Visual Safety Alarms in Apartment Units
Listen: Can you hear the goldfish swim in the water?
Listen: Can you hear the mosquito ringtone?
The point I am trying to make is that not everyone has good hearing and some people are unable to hear anything at all. Most of us who fall under this category rely on sight. The deaf and profoundly hard of hearing are visual people who often depend on their eyes to understand and interact with the world.

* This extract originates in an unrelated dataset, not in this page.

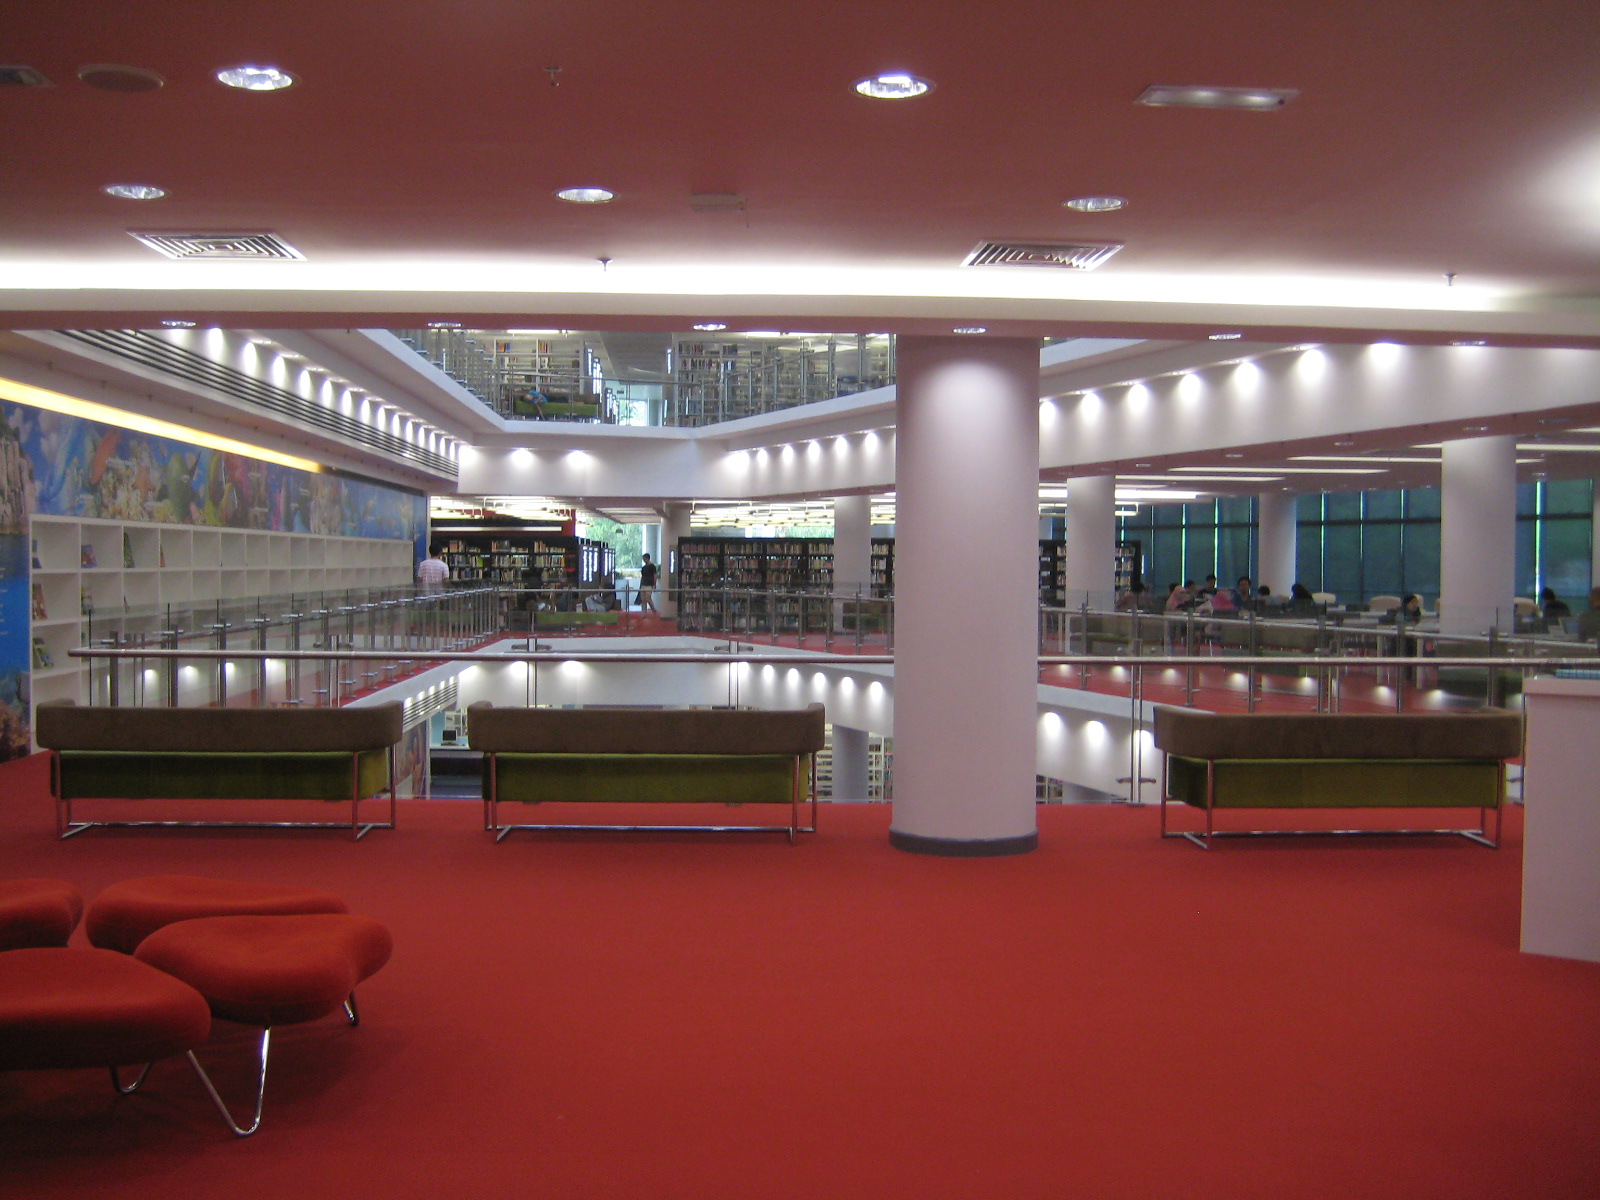 Catitan Gambar  Kunjungan ke Perpustakaan Baru Shah Alam

In 2005, a married deaf couple with four hearing children slept inside their apartment in Texas. A fire that started from a faulty power strip began roaring and smoke filled the apartment. The fire alarms rang, but the deaf couple could not hear it. The alarms were not even loud enough to wake up the children. In the end, only the husband and two children survived. To read more about this tragic, see this news report.
If a visual fire alarm had been installed in the apartment, the chances of entire family surviving the fire would have been much greater.
The photograph below depicts a visual fire alarm. When smoke is detected, the alarm not only rings an audible alarm, but the lights flash on and off intermittently.
The Department of Justice Americans with Disabilities Act Title III Regulation requires visual fire alarms in many places of public accommodation, such as schools, hospitals, shopping malls, and so forth. (See also the ADAAG Technical Bulletin.) While federal law may require installation of visual fire alarms inside the common areas of apartment buildings, landlords and apartment managers may not be required to install them inside the apartment units where tenants sleep. However, local and state government can pass laws that require stricter building code requiring installation of visual fire alarms inside apartment units.
In the case of the husband who lost his wife and two children in Texas, the city had strict building codes requiring installation of visual fire alarms in the apartment unit. The apartment manager had not followed city code. Consequently, a multi-million dollar verdict was awarded against the apartment company. For a follow-up to this story, see this blog post.
It is important for apartment managers and landlords to be aware of all building code and keep up with the changes. This means checking and complying with the Americans with Disabilities Act, state law, city law, and town building code on a regular basis.
It is equally important that tenants with disabilities be aware of their rights. Tenants who believe that the landlord or apartment manager is not complying with the law should address their concerns with the landlord or consult an attorney.
To date, only a handful of jurisdictions require visual safety alarms inside apartment units. It is hoped that in the not-too-distant future, state and local governments across the country will adopt more stringent standards and require, among other things, the installation of visual fire alarms in every apartment unit. In the meantime, landlords and apartment managers who want to save lives and lower litigation expenses would do well to take the initiative and investigate the different types of safety equipment that are available for the deaf, blind, and deaf-blind, and evaluate the pros and cons of installing such safety equipment inside the apartment units. It is not expensive to install safety equipment that exceeds the minimum standards set forth in federal or local building code, and the costs pale in comparison to the costs of litigation and the damages associated with life and limb.